Литмир - Электронная Библиотека

– Выходит, ты уже второй раз под раздачу попал.

– Да, если бы не поправка к статье и не награды… Отправили бы на этот раз в лагерь, а не в штрафроту.

– Странно, ты не рассказывал мне такие подробности, – удивленно заявил Лешка.

– Разве?!

– Нет-нет, ты запамятовал, – и, чтобы сменить разговор, продолжил, – Коль, поговаривают, что сам Рокоссовский у Сталина за штрафников просил, чтобы за ранение снимали с нас прежние судимости.

– Лешка, не смеши меня, чтобы снять судимость, годы должны пройти.
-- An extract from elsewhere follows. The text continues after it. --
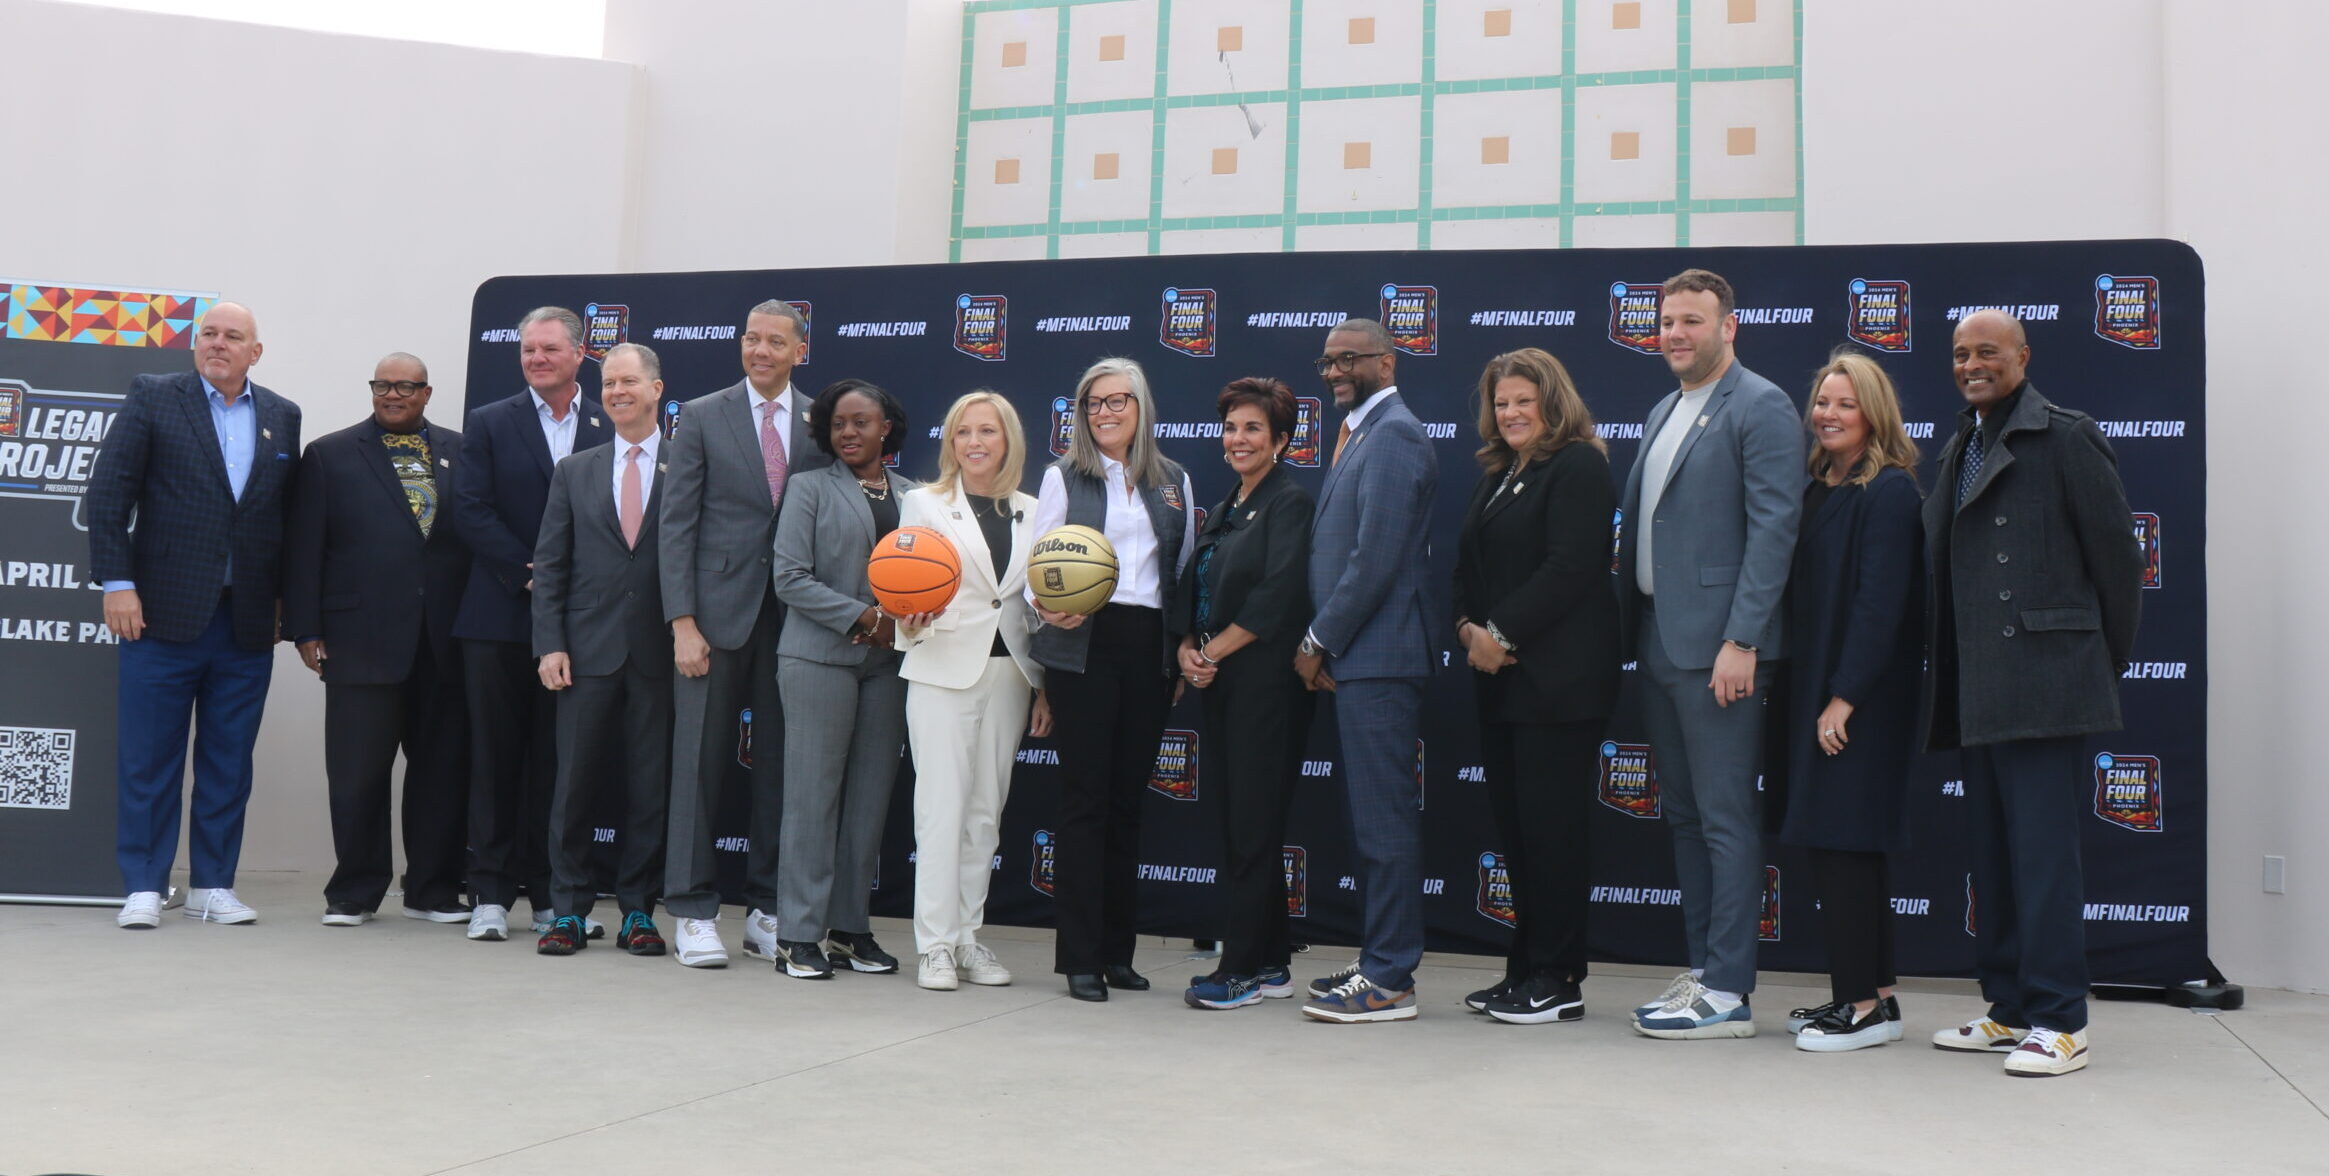 The panelists and NCAA Men's Final Four board members, highlighted by Arizona governor Katie Hobbs, pose for a picture after today's Men's Final Four Tip-Off presser.

А хотя бы и так, то нам от этого не легче, отношение у власти к бывшим штрафникам такое… Клеймо на всю жизнь, – Николай тяжело вздохнул, – со скотиной лучше обращаются.

– Ты не переживай, рано или поздно, все равно суд простит, и весь позор смоешь.

– Лешка, не глупи. В чем я провинился перед своей мамкой, соседями, наконец, перед Родиной, я что, предал кого-то или струсил перед врагом?! Я разных людей встречал, некоторые бросали оружие, руки поднимали, жить хотели, в плен сдавались. А другие – пулям не кланялись, жизни свои не жалели, так вот, я из той породы. Пусть лучше меня убьют, но живым не сдамся.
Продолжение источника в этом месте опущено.